Despite 2020 seeing providers and institutions hurriedly creating alternatives to their scheduled face to face fieldwork events, the response from the teaching community has been amazing, with many learning new skills, delivering in different ways and using technology to tackle some of the pedagogic challenges that fieldwork poses. The showcase provided a much-needed opportunity to break out of our individual silos, share successes and discuss challenges.

This was my first Enhancing Fieldwork Showcase, and it was scheduled perfectly, I have recently left my job at the Field Studies Council to embark on a funded PhD researching the benefits of the virtual world to enhance fieldwork. The showcase provided an opportunity for me to reflect upon FSC’s 2020 #fieldworklive but also to look ahead to my research.  The following are some of the highlights and key points I took from the day. 

  • Social Connectivity

There is often a view that teamwork and co-operation is missing in virtual fieldwork, but many of the #fieldworkfix’s presented shared methods of creating opportunities for ‘peer to peer’ and ‘facilitator to learner’ interaction. 

I liked how the simple design structure shared within Lesley Batty and Joe Berry’s talk from the University of Birmingham virtual fieldwork  provided a daily fieldwork experience with 3 distinct stages ‘prep-doing-reflection’. The collaborative briefings and daily release of VLE content simulated the daily structure of a traditional residential fieldcourse. 

The Open University’s Fieldcasts poster session shone light on the benefit of going live in virtual fieldwork. The ability for students to engage live with presenters showcased an authentic opportunity to develop problem-solving and decision-making skills. 

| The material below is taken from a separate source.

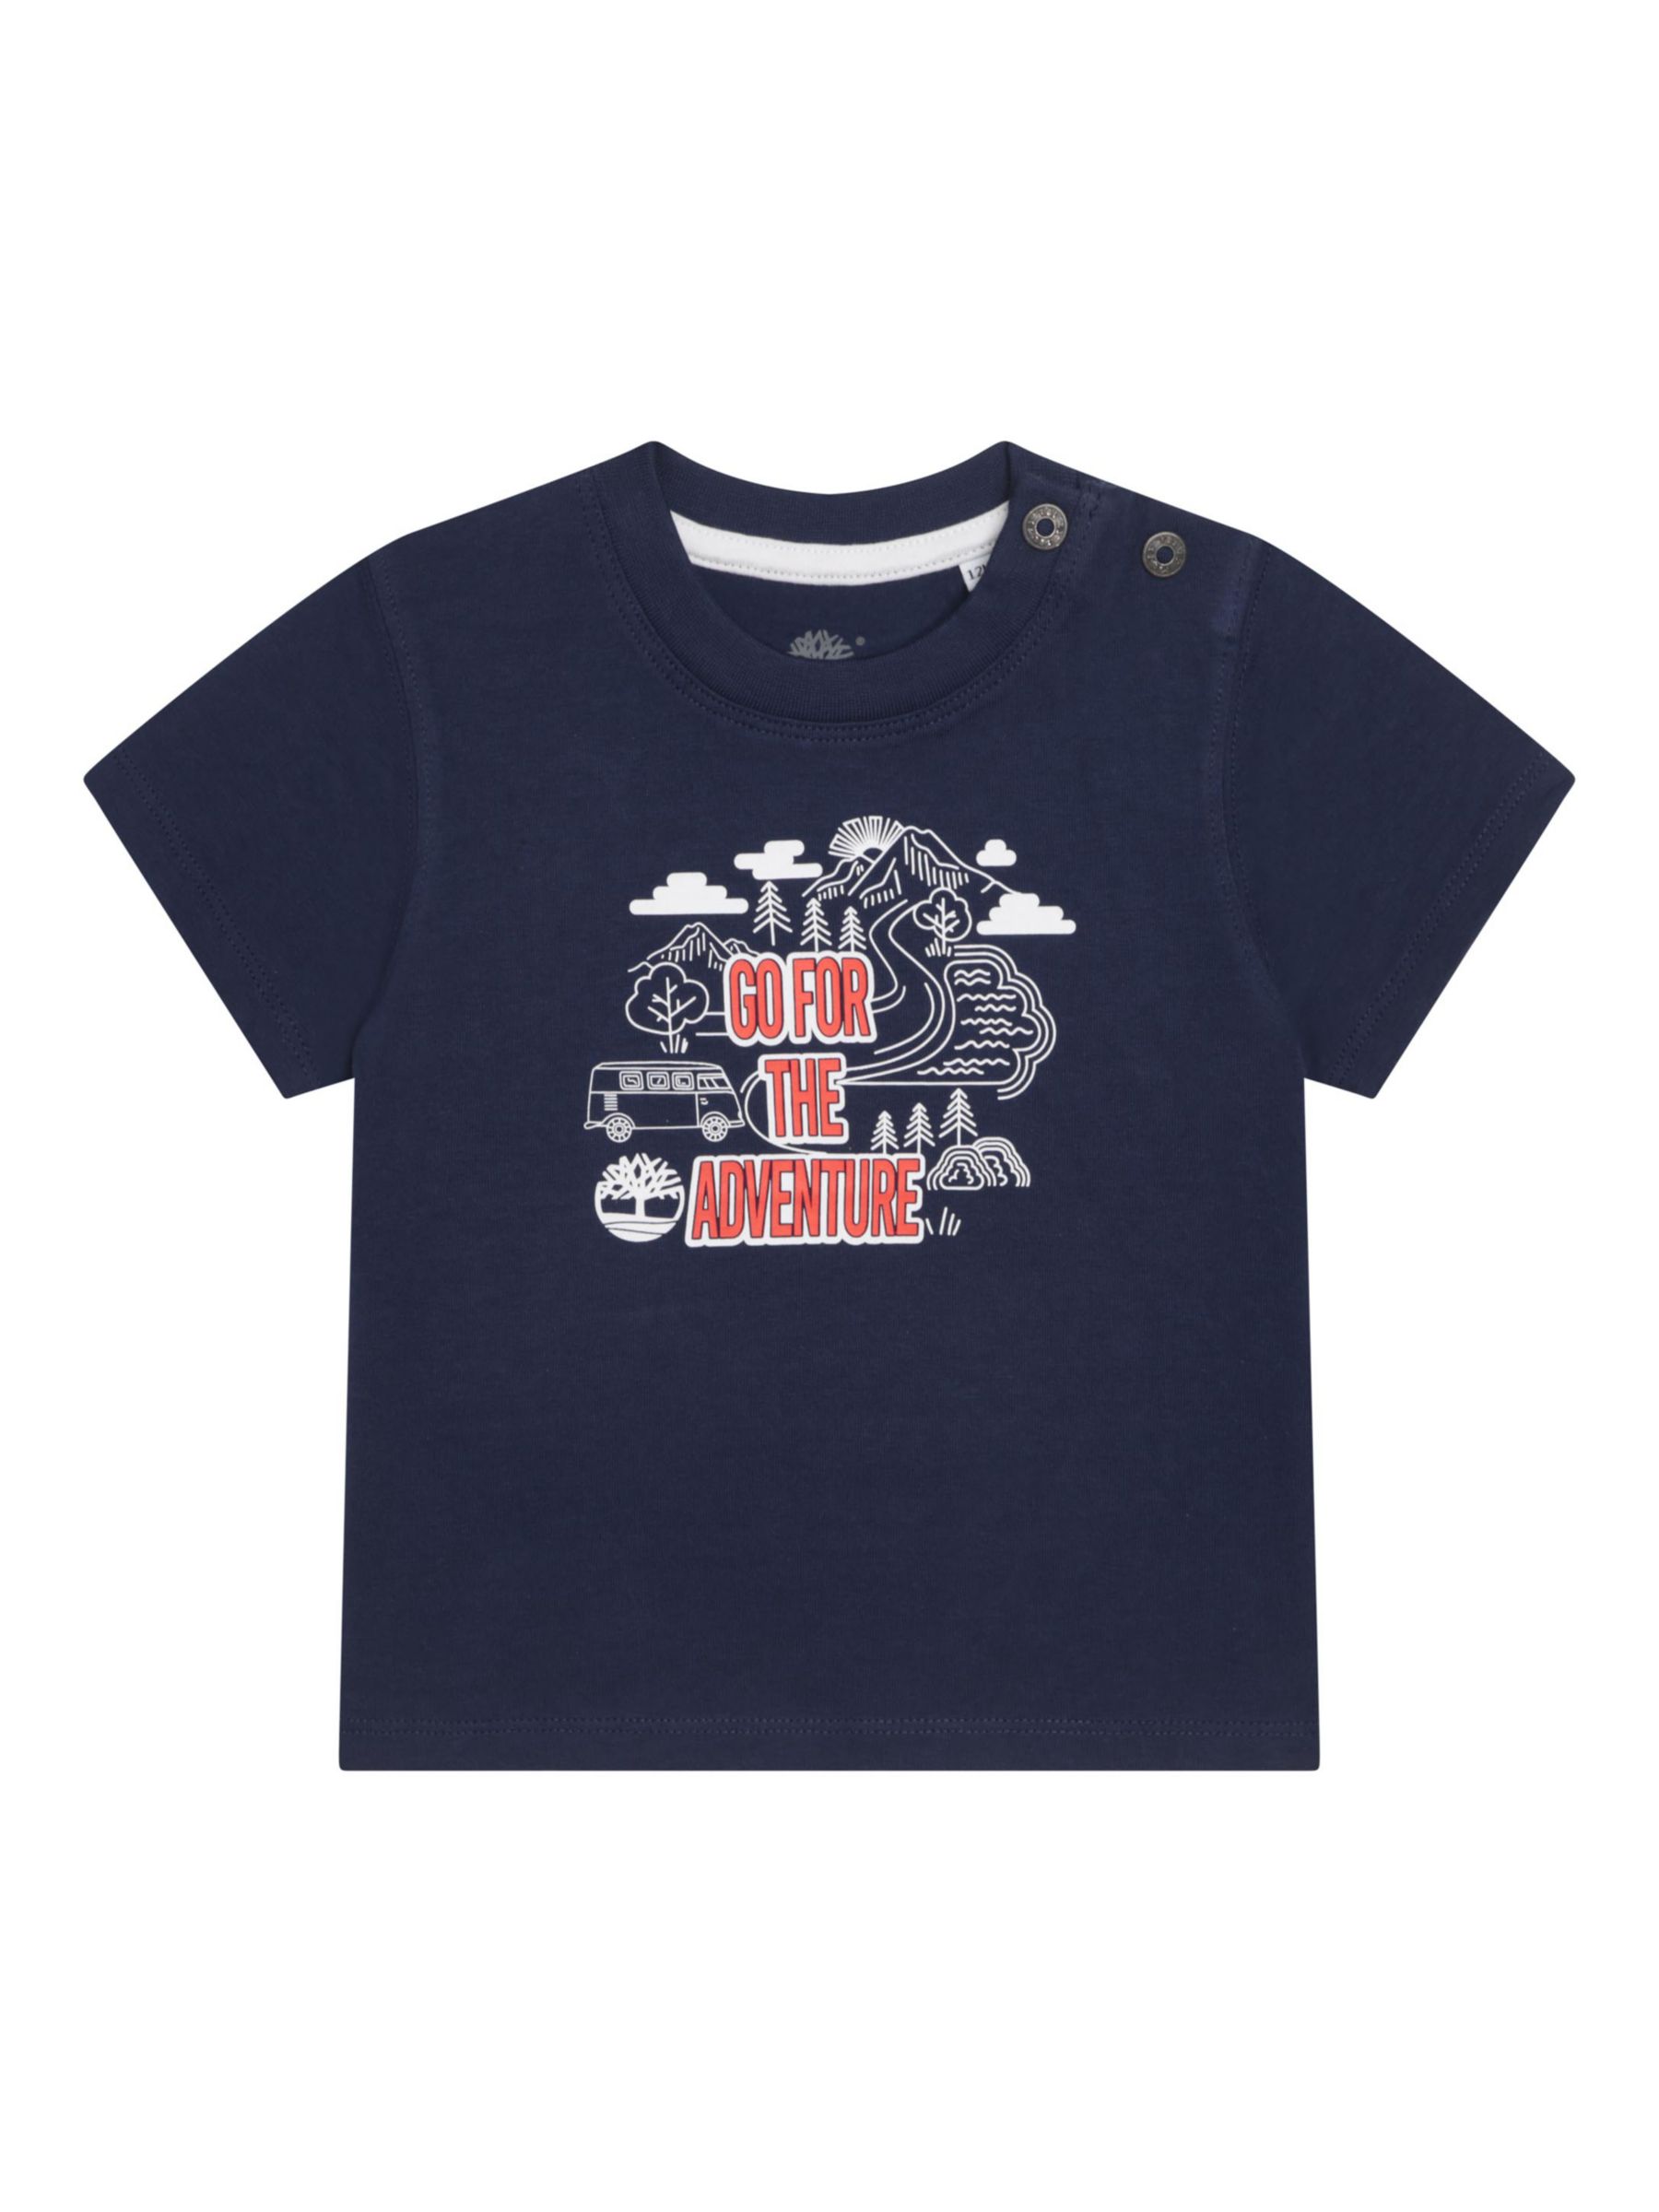 Timberland Kids' Short Sleeved T-Shirt, Navy/Multi, 6 months

It was motivating to see that the informal interaction which occurs during fieldwork perhaps over lunch, or in the evening on a residential had not been forgotten. The introduction and trialing of High Fidelity  was an interesting look at how non-engineered social interactions could happen within an online fieldwork environment. 

  • Adapting to new technologies 

A central factor which often hinders the integration of new technologies is that technology leads the way and not pedagogy. The case studies shared within this showcase however, demonstrated how practitioners had looked to technology to support their teaching needs and had then developed the skills to utilize that technology effectively. 

It was refreshing to see how simple technologies had been used effectively by Judith Lock from the University of Southampton with students uploading photographs from field notebooks, providing a reflective learning opportunity for their students, with students sharing results of their 20 minute garden survey during lockdown. 

Addy Pope from ESRI demystified the use of GIS and ArcGIS StoryMaps to create virtual fieldwork, and it was great to see how others had used this to develop their own virtual fieldwork. 

  • Defining this practice

With the hurried response and need for educators to be agile in the pivoting from face to face teaching to remote, online, at home alternatives; little thought has been given to the terminology used to describe these expanding innovations. The term ‘virtual fieldwork’ I believe, is limited in its success at describing the current practice in this field. The term has the potential to summon a deficit view of this practice with thoughts of fieldwork that is inauthentic with limited interaction. The solutions shared within this showcase do not promote that view we have seen examples of authentic fieldwork using real data, real locations and real opportunities for interaction.  As a community of practitoners we must consider the use of a common language that promotes the true value of fieldwork regardless of the delivery channel used. 

I recommend geology, geography, environmental science and ecology teachers interested in technology enhanced learning and the scholarship of teaching and learning watch the recordings from the Enhancing Fieldwork showcase (YouTube EFL Playlist). This is not about technology; it is about addressing barrier and challenges to learning can be addressed.